So turns out I discovered Paul Graham in 2005 via his "Great Hackers" talk,
started following his essays, then discovered Reddit from that, and then
Hacker News from that.

My HN profile says I created the account in Aug 10, 2007. But I remember
lurking for a while, so I must have started using it a few months prior to
that.

Seems like a lifetime ago.

------
mattmanser
I was reading coding horror back in the 2000s when it was mentioned on that
(Jeff Atwood's blog of Stack Overflow and Discourse fame, though he originally
was known for his blog).

I think that triggered a large influx of new users right then so the community
response was to post a ton of erlang articles to try and discourage new
members and stave off an eternal september.

Seems like dang even got involved in that!

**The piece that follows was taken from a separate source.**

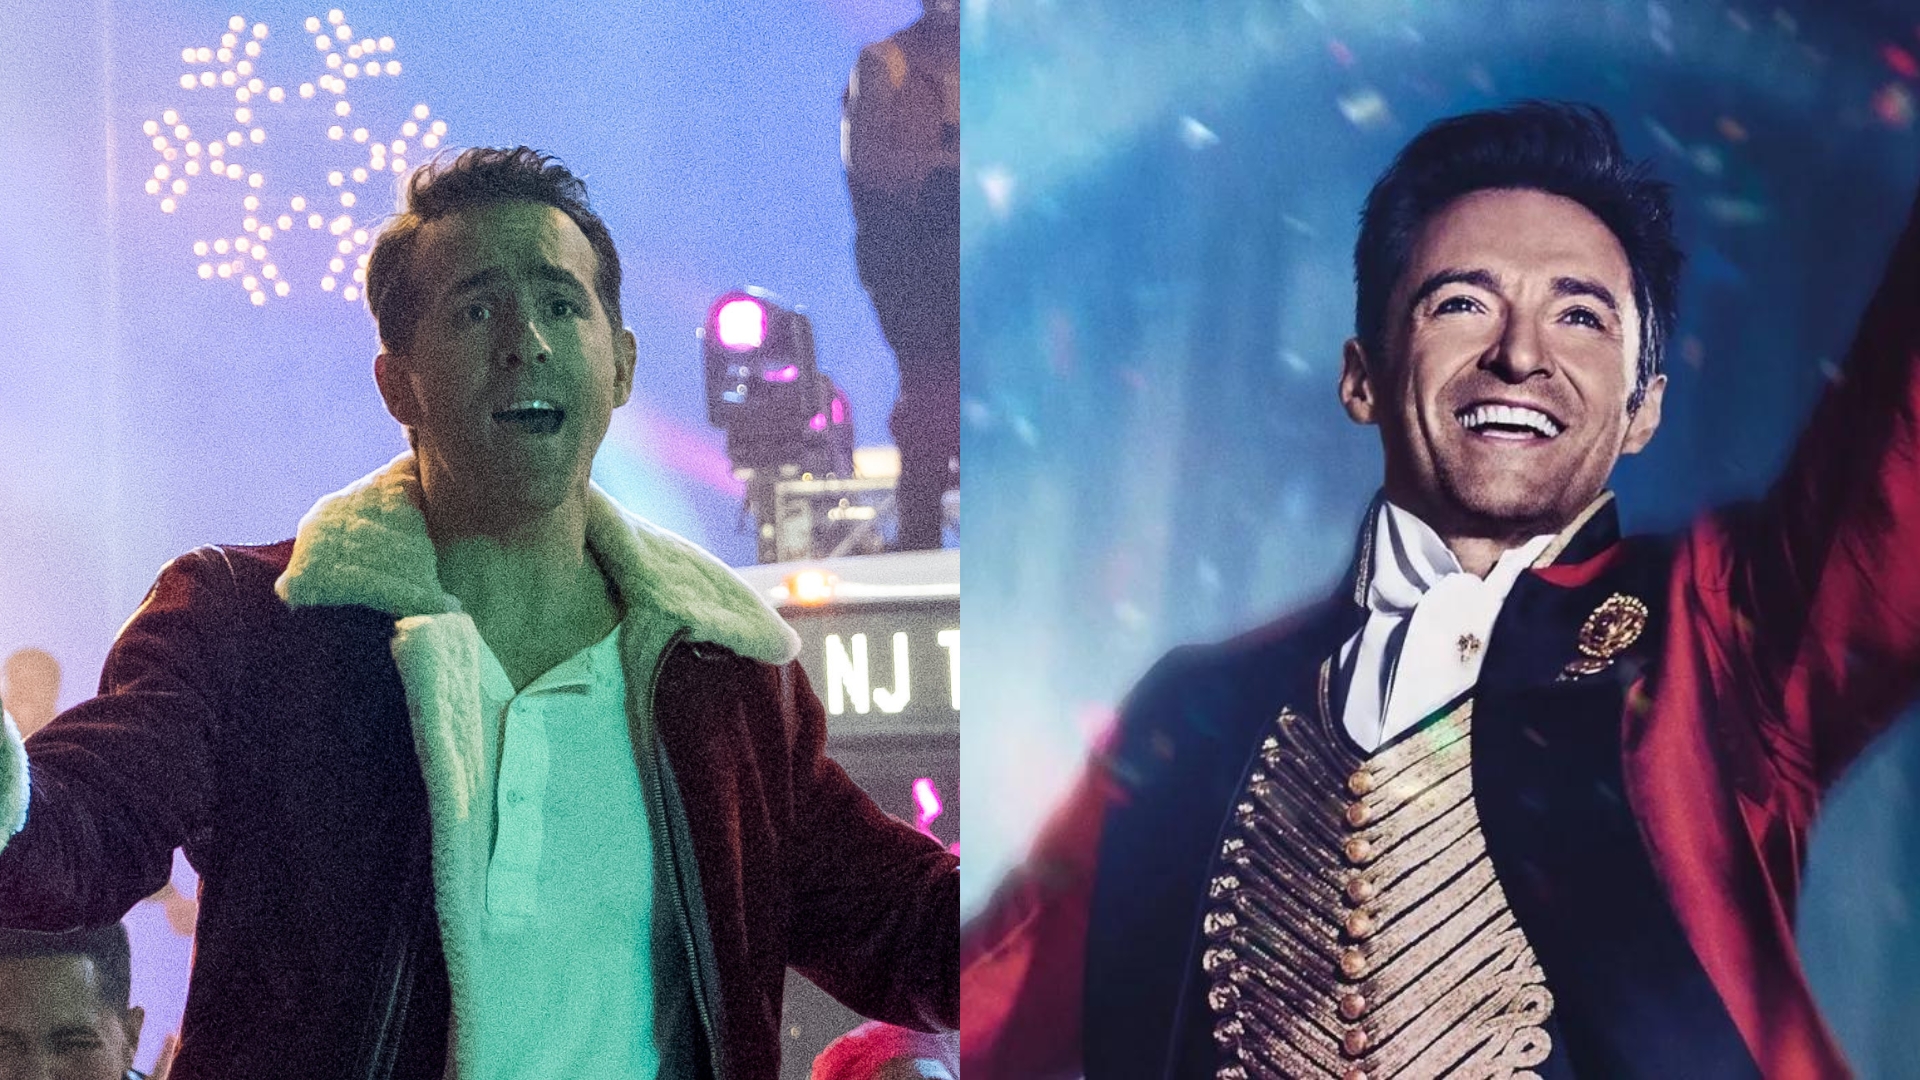 Ryan Reynolds in Spirited, and Hugh Jackman in The Greatest Showman

[https://news.ycombinator.com/item?id=10537347](https://news.ycombinator.com/item?id=10537347)

------
trumbitta2
IIRC, I discovered about YC back in 2011 from the book
[https://www.amazon.com/Startups-Open-Sourced-Jared-Tame-
eboo...](https://www.amazon.com/Startups-Open-Sourced-Jared-Tame-
ebook/dp/B004ZULMR6)

Came to take a look, found HN.

------
brudgers
Shopping oriented research for a new workstation class computer rekindled my
interest in _current_ tech after about a decade. Eventually, I wound up
regularly looking at Techmeme. One day, there was a link to an HN discussion
thread. In a few months, HN pretty much replaced Techmeme's river.

------
muzani
I applied to YC, saw that they asked for HN handle and look positively on
people who have said smart things on HN. So I suppose I should cut down on the
trolling, lol.

------
giantg2
I've been reading it for a long time. I only recently opened an account to
comment/post. I think I heard about it from someone in one of my college
classes.

------
cpach
I probably found it via Paul Graham’s web site. I don’t remember exactly how I
found his website, probably via his Lisp essays or “A Plan for Spam”.

------
lukaszkups
I've learned about HN at my first job/apprenticeship from older coders 10
years ago. Same for twitter, basically :)

------
sushshshsh
I've been here so long on so many banned accounts that I can't even remember
how or why I got here

------
saluki
I heard Mike or Rob mention it on the Startups For The Rest Of Us Podcast back
in 2011.

------
codegeek
I think I found Paul Graham's articles when googling for startup ideas and
found HN as well.

------
oxygenz
I've been interested in Ycombinator for a long time... saw a reference to
hackernews